---------- Dataset content

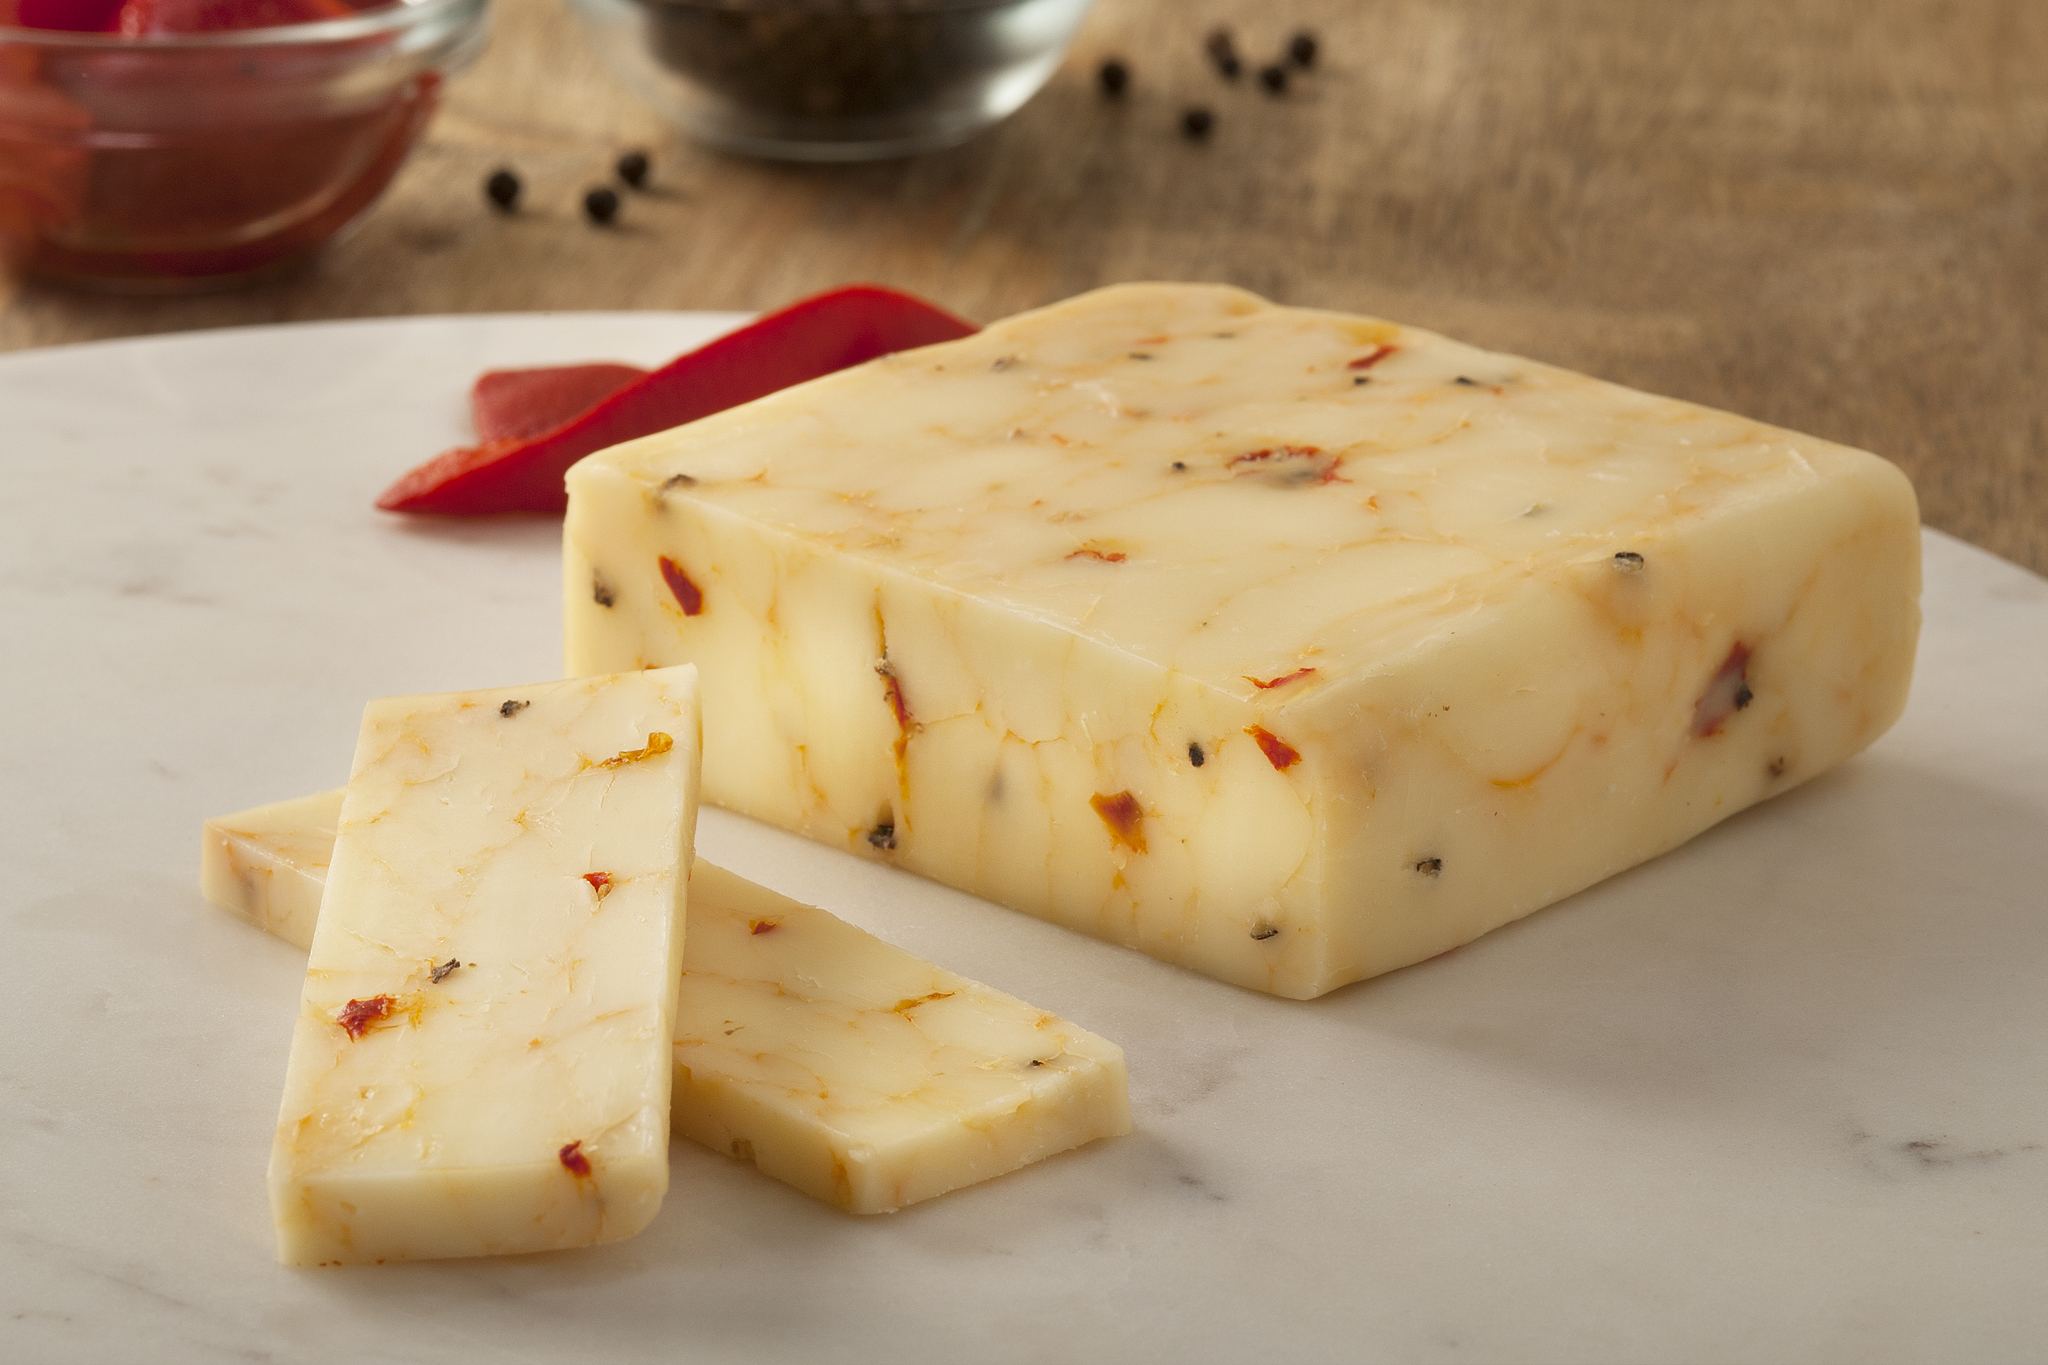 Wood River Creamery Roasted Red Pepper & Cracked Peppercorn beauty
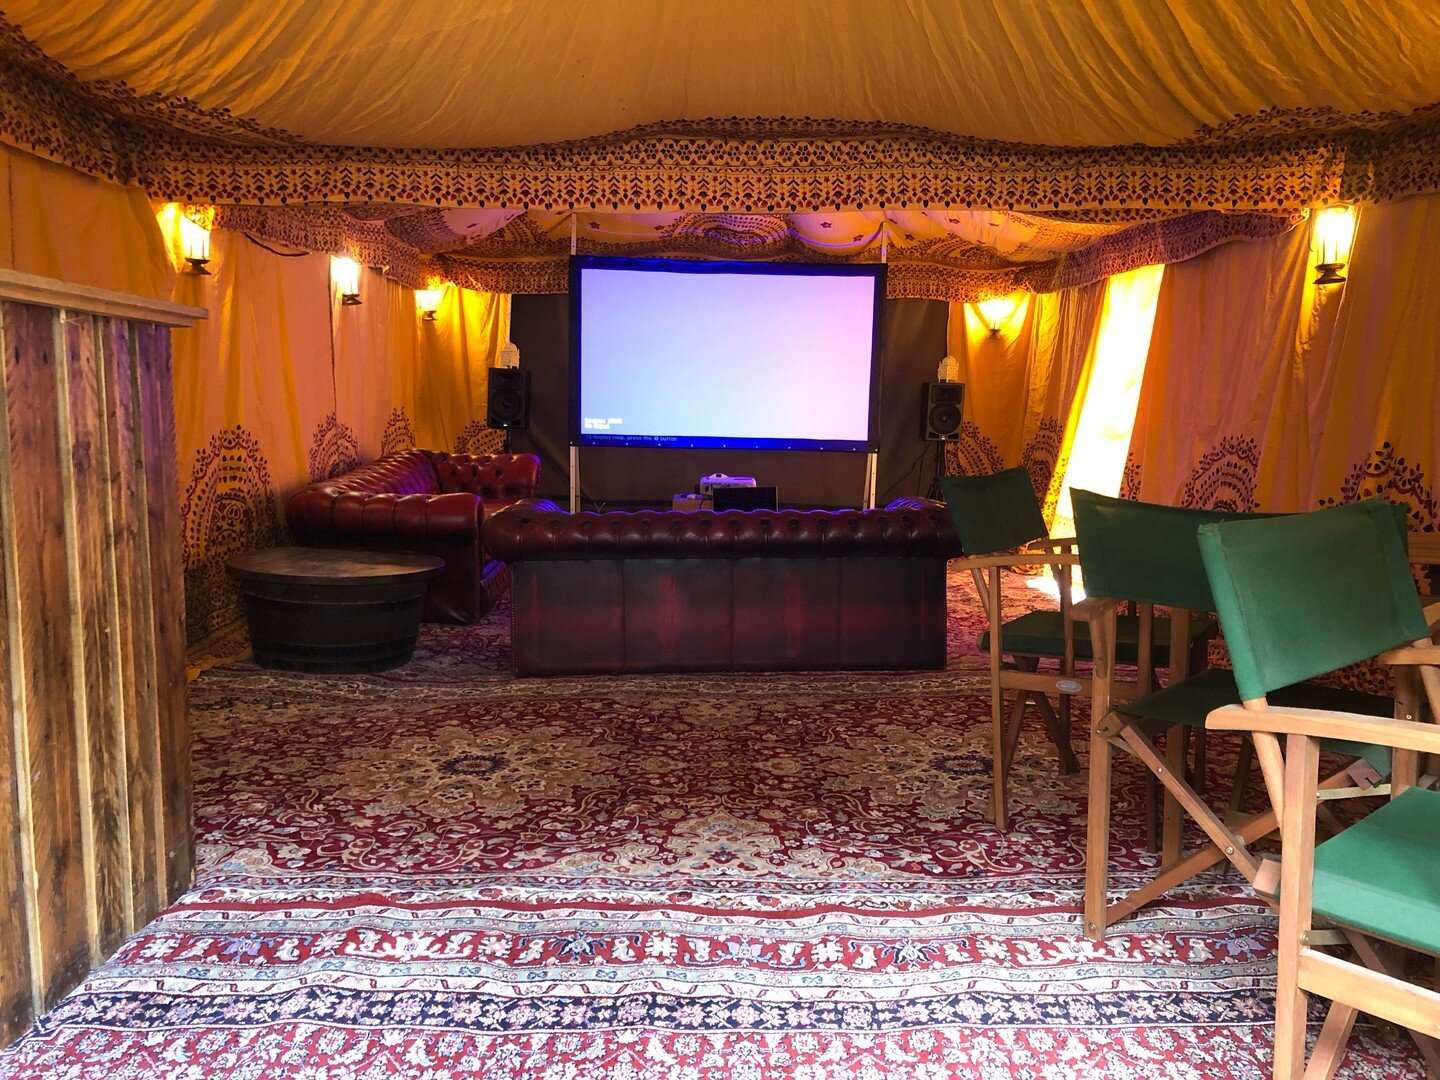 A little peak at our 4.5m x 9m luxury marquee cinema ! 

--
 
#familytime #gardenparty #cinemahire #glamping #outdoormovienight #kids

--------------------

What is needed: Would you copy out the material above exactly, without the pictures in it?

Written solution:
 Wood River Creamery Roasted Red Pepper & Cracked Peppercorn beauty
 A little peak at our 4.5m x 9m luxury marquee cinema ! 

--
 
#familytime #gardenparty #cinemahire #glamping #outdoormovienight #kids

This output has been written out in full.